Resolves the domain to its IP address(es). Shows the actual server IP, which may reveal the hosting provider, whether a CDN or proxy is in use, and if the site uses load balancing.

Why it matters: Knowing the IP helps determine the hosting provider and infrastructure setup. IPs in Cloudflare or AWS ranges indicate CDN/proxy usage, meaning the real server IP is hidden. Multiple IPs suggest load balancing or geographic DNS routing.

Good result: Domain resolves to one or more valid IP addresses. If a CDN is in use, the resolved IP belongs to the CDN provider (real server IP is protected).

Bad result: Domain does not resolve (DNS failure), or the IP directly exposes the origin server when it should be behind a CDN.


Handler: server-location

Determines the physical location of the server by performing a GeoIP lookup on the resolved IP address.

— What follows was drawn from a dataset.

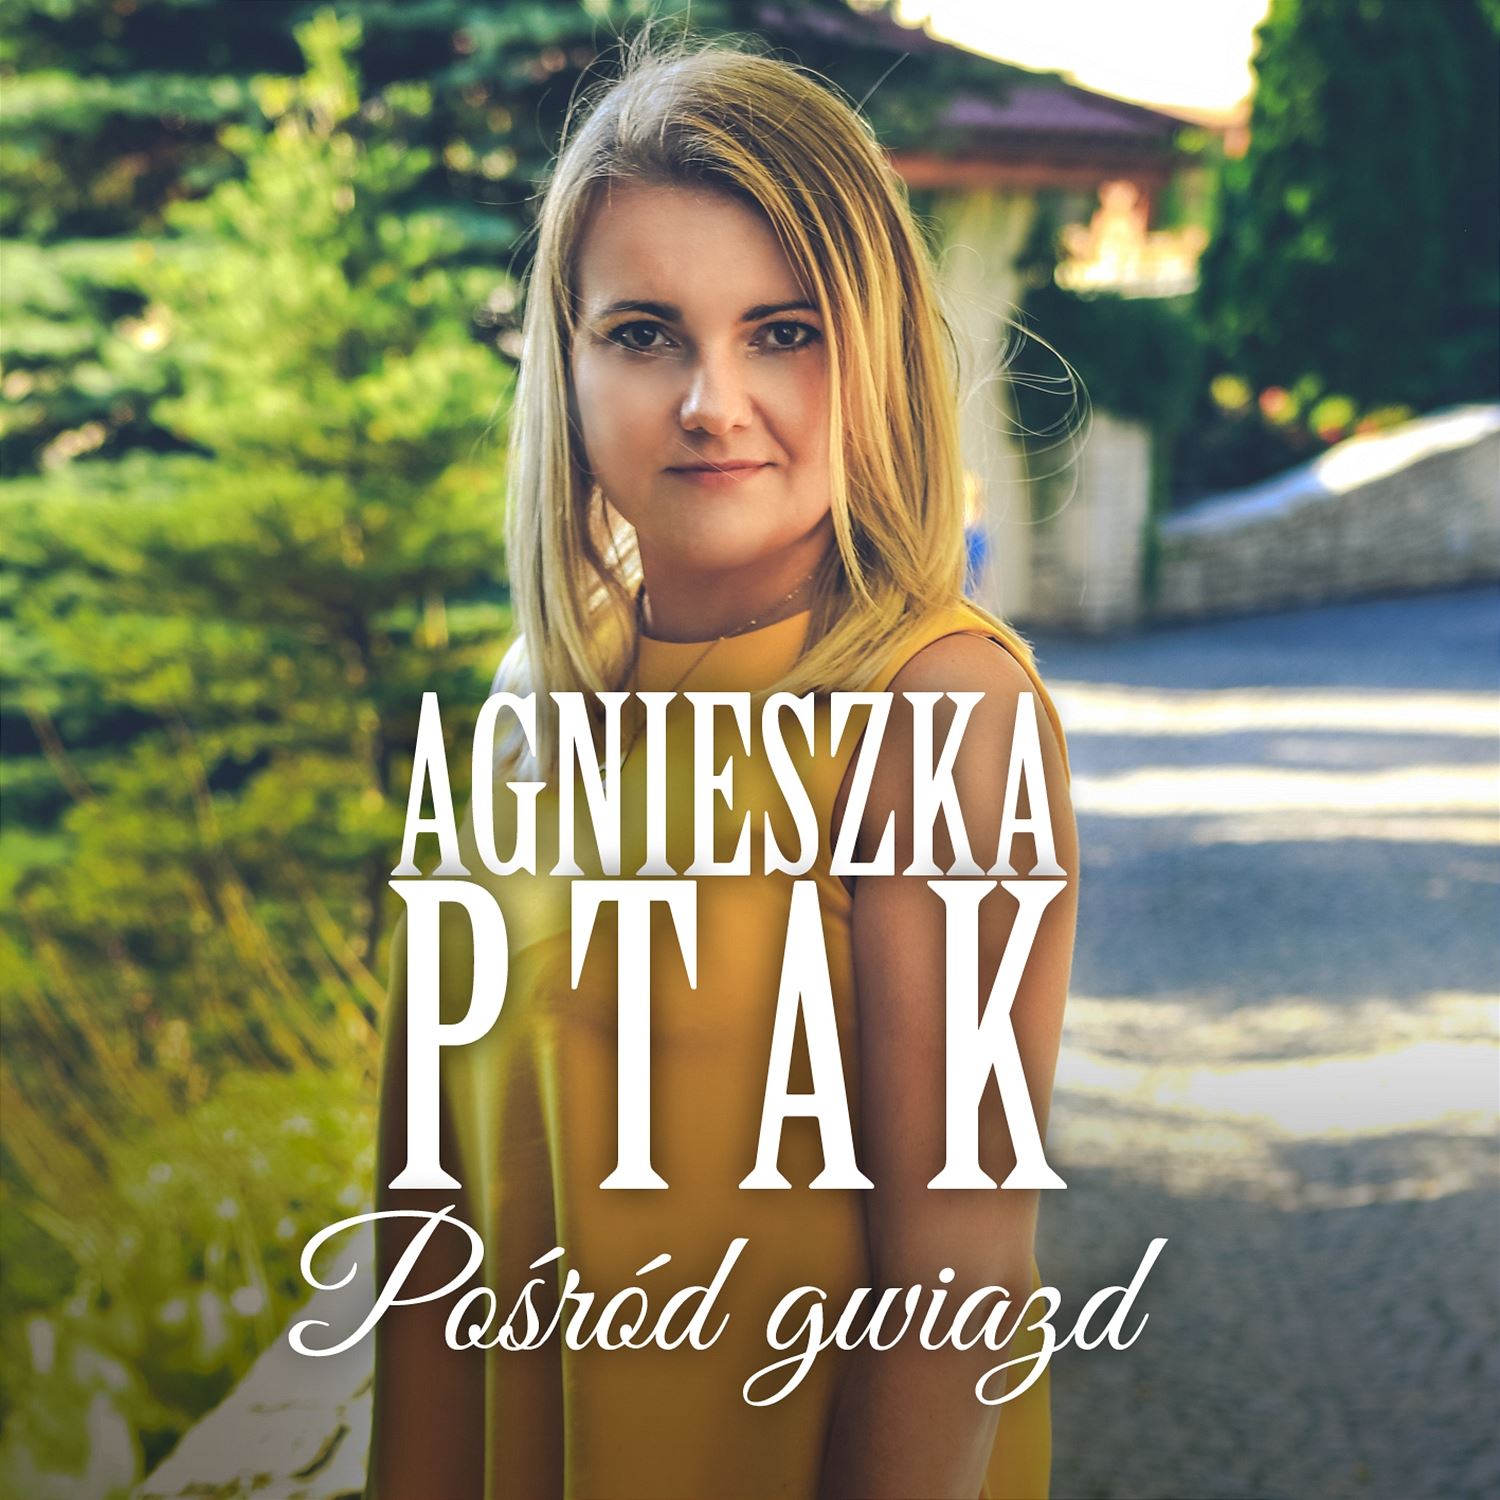 http://www.soundline.biz/AgnieszkaPtakPosrodGwiazd/cover.jpg
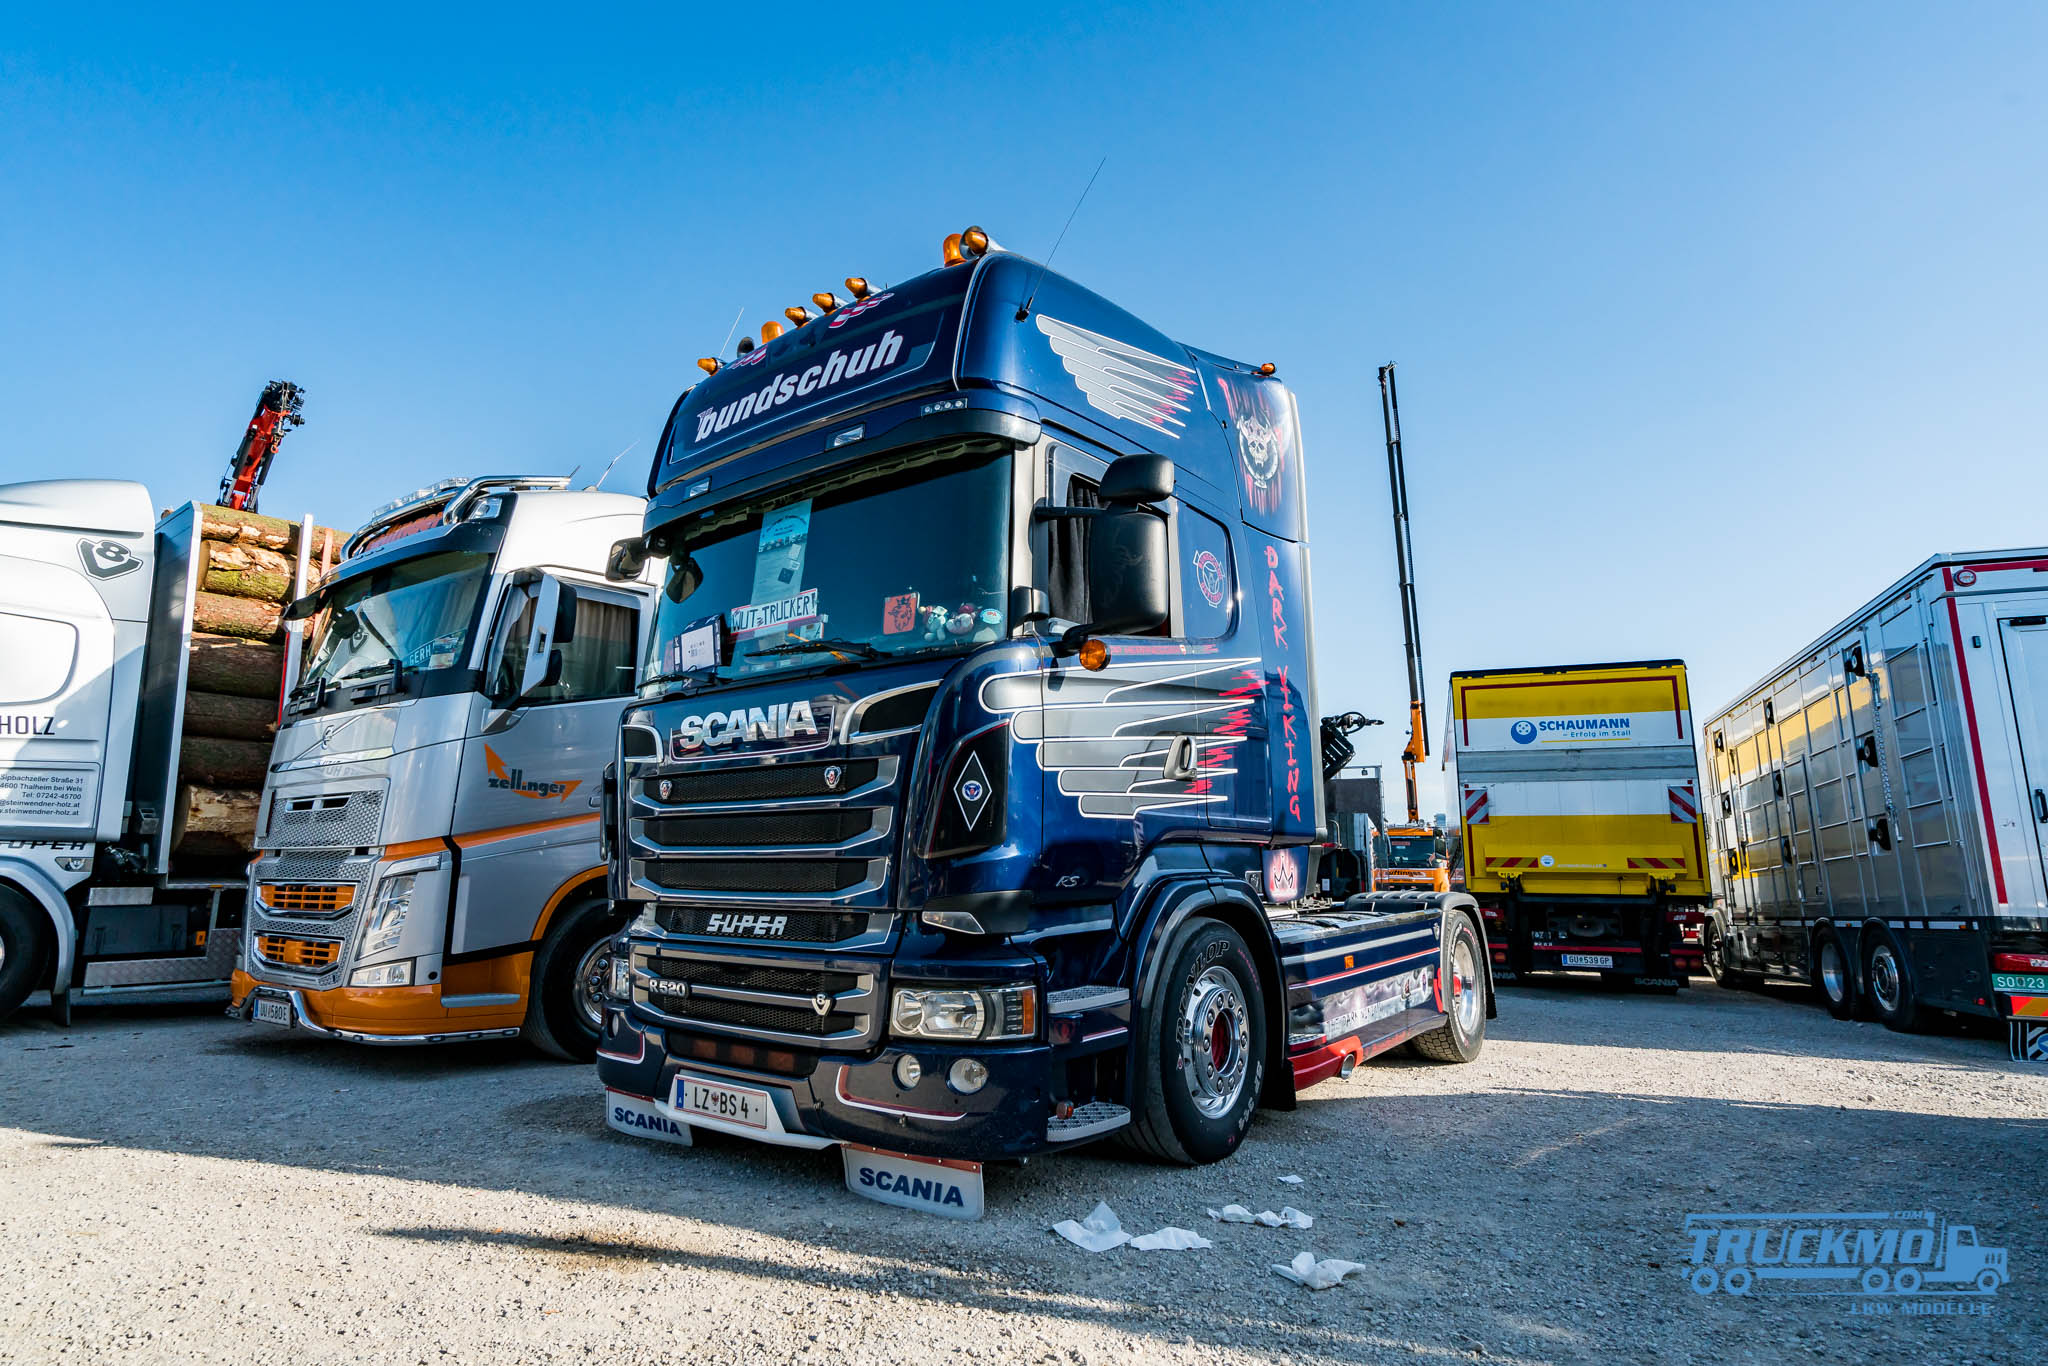 Truck_Event_Austria_Vorchdorf_2017_Truckmo_Scania_MAN_Volvo_Mercedes_Iveco_Showtruck_LKW_Herpa_Modellbau_Beitrag_5 (77 von 89)

Returns city, region, country, timezone, latitude/longitude, ISP, and autonomous system number (ASN). Results are displayed on an interactive map.

Why it matters: Server location affects latency (a site serving European users from a US data center adds 100-200ms per request) and may have compliance implications. GDPR, for example, has specific requirements about where data is processed and stored.

Good result: Server located in a region close to the target audience. Hosting provider is reputable with good uptime and DDoS protection.

Bad result: Server in an unexpected country (potential compliance issue), or ISP/ASN associated with known bulletproof hosting providers.


Handler: trace-route

Traces the network path from the recon-web server to the target host, recording each router hop along the way. Shows latency at each hop and identifies the networks traffic passes through.

Why it matters: Traceroute helps diagnose slow connections by pinpointing which network hop introduces latency. It also reveals the geographic path of traffic, which may be relevant for data sovereignty requirements.

Good result: Direct path with low latency at each hop. No packet loss at intermediate routers. Traffic stays within expected geographic regions.

Bad result: High latency at a specific hop (network bottleneck), packet loss at intermediate hops (congestion or hardware issues), or traffic routing through unexpected countries.